# How Long Do You Boil Shrimp?



## texasgirl

How long do you boil shrimp??


----------



## abjcooking

Just for a few minutes until they just turn pink.  About 5-7 minutes


----------



## abjcooking

Depending on the size of the shrimp (if they are small) it could be a little less time


----------



## marmalady

I don't actually 'boil' at all. I mix a seasoning mixture of Old bay, lemons cut up, and bay leaf with water, bring that to a boil and let it simmer for 10-15 minutes; then drop the shrimp in, turn off the heat, cover and let sit for 5 or so minutes, til all the shrimp are pink . Make sure you have enough water to cover all the shrimp, and you might want to peek and give the shrimp a stir to make sure they're all cooking. 


I guarantee this'll be the most tender shrimp you've ever had!

PS - If the shrimp are very cold to start, you can bring the water back up to a simmer after you've added the shrimp, then turn off heat and cover.


----------



## kitchenelf

I will have to agree with marmalady's timing. Big shrimp don't even take that long - maybe 2-3 minutes with the water at a rolling boil. 
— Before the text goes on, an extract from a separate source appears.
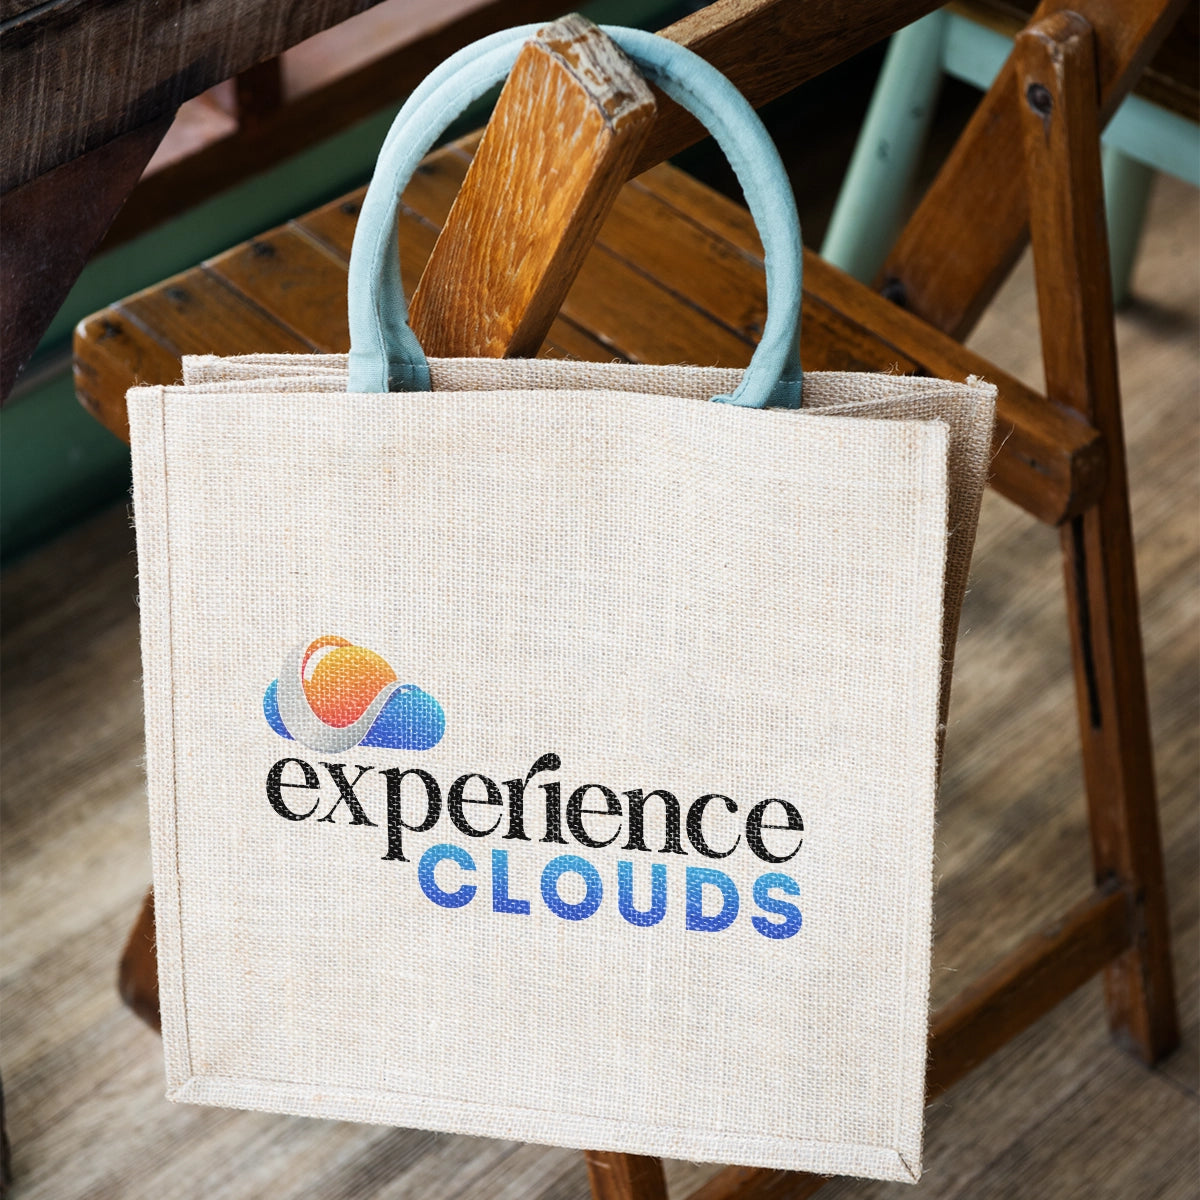 experienceclouds.com

Once they float to the surface remove them - they will still continue cooking once you take them out.


----------



## texasgirl

Thank you, all!!


----------



## jennyema

Once again, I'm with Marm!  


I dont boil.. I get the water boiling and infused with flavor, add the shrimp, take OFF the heat and let sit until done. How long depends on the size of the shrimp.

If you are serving them hot, remember to account for carry-over cooking time.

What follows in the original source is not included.